Working with the ‘Last modified’ field

The ‘Last modified’ field automatically stamps a row with the exact date and time of its most recent user-made change, helping you track updates.

This guide covers what the ‘Last modified’ field is and its key properties, how to add this field to your table, and how to limit tracking to specific fields.

Learn more: Configure field types

Last modified field in Baserow

What is the ‘Last modified’ field?

The ‘Last modified’ field is an automatic, read-only field that shows the date and time a row was last edited by a user.

When a new row is created, its ‘Last modified’ value will be the same as its ‘Created on’ time. This timestamp will update every time a user edits any editable field in that row.

A key behavior to note is that a row’s ‘Last modified’ value never rolls back. If you edit a cell and then use “Undo,” the ‘Last modified’ time will reflect the time of the “Undo” action, not the time before the edit.

How to add a ‘Last modified’ field

Add the field

  1. In your table, add a new field.
  2. Select Last modified from the field type dropdown.
  3. Name the field (e.g., “Last Update”).
  4. Click Create.

By default, this field will track changes made to any editable field in the row.

You can choose to restrict the field so that it only displays the most recent time a particular field was modified.

Tracking modification times on computed fields

The Last modified field type and date functions in formulas allow you to track when a record was last edited. However, it is important to understand that these tools only track direct user actions.

What triggers a “Last Modified” update?

  • ✅ Typing manually into a cell (Text, Number, etc.).
  • ✅ Selecting an option (Single Select, Multiple Select).
  • Adding or removing a row from a Link-to-table field.

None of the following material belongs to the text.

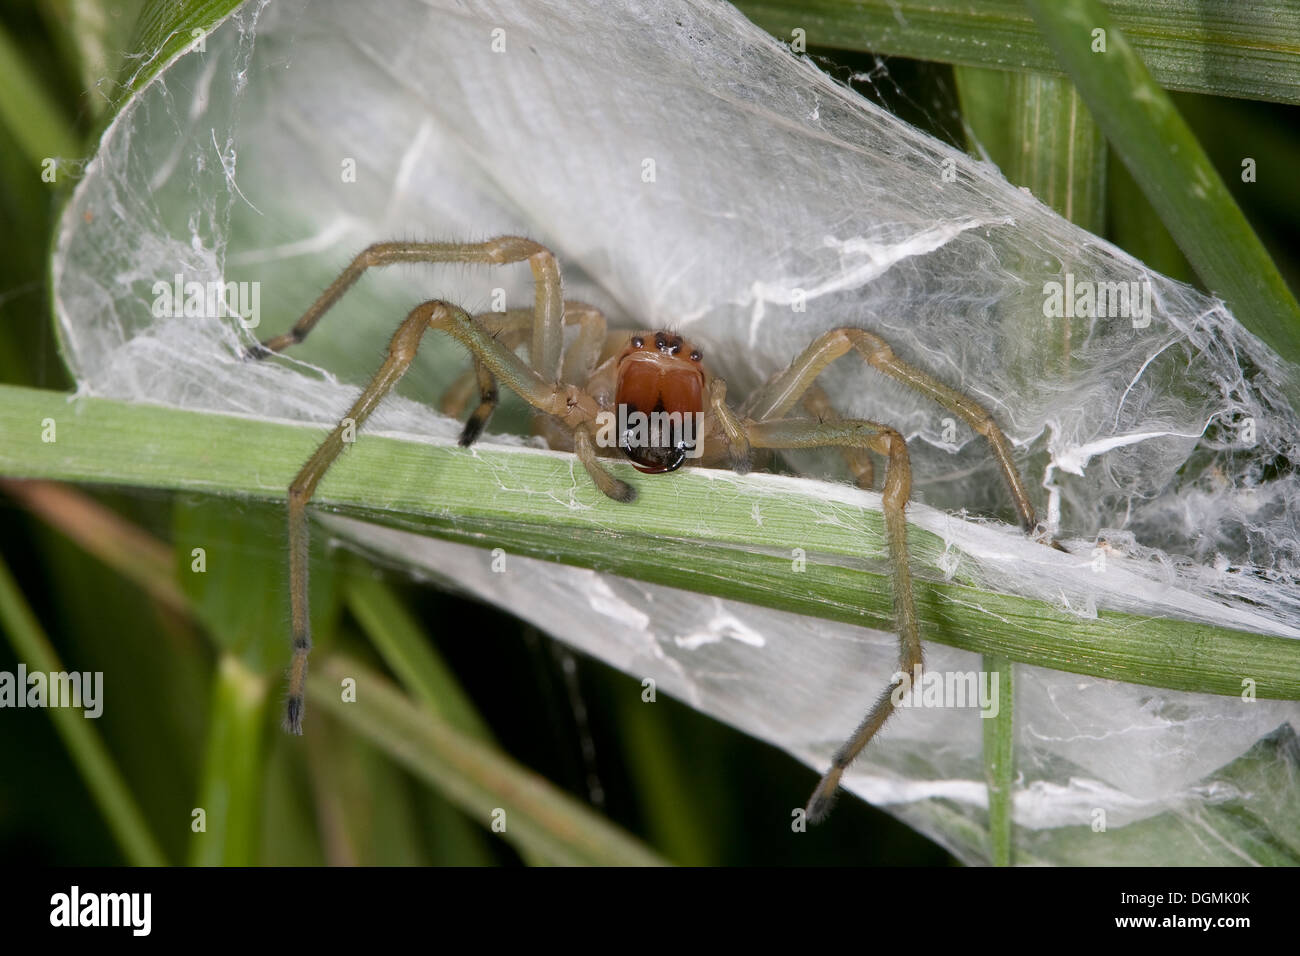 Yellow sack spider, Dornfinger, Ammen-Dornfinger, Dornfinger-Spinne, Cheiracanthium punctorium, Clubionidae, Giftspinne Stock Photo

What does not trigger an update?

  • Formulas: If a formula recalculates (e.g., today() changes to tomorrow, or {Price} * {Quantity} updates), the Last Modified field will not change.
  • Linked Data Changes: If you modify data inside a linked record (e.g., changing a generic “Status” field in a linked Tasks table), the “Last Modified” timestamp in the current table will not update.

Note: The “Last modified” field tracks who touched the row and when. Passive changes calculated by Baserow in the background do not count as user edits.

Workaround: Tracking changes in linked records

If you need to see the last modified time of a row or any of its linked data, you cannot rely on a single “Last modified” field. Instead, you can combine a Lookup field with a Formula.

Scenario: You have a Projects table linked to a Tasks table. You want the Project to show as “Updated” whenever a Task is modified.

Step 1: Track time in the source table

  1. Go to the linked table (e.g., Tasks).
  2. Create a new field with the type Last modified.
  3. Name it Task Last Modified.

Step 2: Expose that time in your main table

  1. Go to your main table (e.g., Projects).
  2. Create a Lookup field.
  3. Point it to the Tasks table and select the Task Last Modified field you just created.
  4. Name this field Lookup: Task Modified.

Step 3: Compare the dates with a formula

Create a new Formula field in the Projects table to compare the project’s local edit time against the task’s edit time. This returns the most recent date.

The Formula:

if(
    date_diff('s', field('Last modified'), field('Lookup: Task Modified')) < 0,
    field('Lookup: Task Modified'),
    field('Last modified')
)

How this works:

  • The date_diff function calculates the difference in seconds between your local edit and the linked edit.
  • The if statement checks which date is more recent.
  • The formula displays whichever date is newest, giving you a “True” last modified timestamp.

Frequently asked questions

What’s the difference between ‘Last modified’ and ‘Last modified by’?

They work together:

  • ‘Last modified’ (this field) tells you when the last edit happened (the date and time).
  • Last modified by tells you who made the last edit (the user).

What’s the difference between ‘Last modified’ and ‘Created on’?

  • Created on is set once when the row is created and never changes.
  • ‘Last modified’ updates every time the row is edited.

Do formula fields or other computed fields trigger an update?

No. The ‘Last modified’ field tracks changes made directly by a user. It does not track automatic changes in computed fields (like Formulas, Lookups, or Rollups) that update because their underlying data changed.

This is a special case:

  • YES: If you add or remove a link from the link to table field, this is a user edit and will trigger an update.
  • NO: If the data inside the linked row changes (e.g., the linked record’s name is edited in its own table), this does not count as an edit to the current row, and will not trigger an update.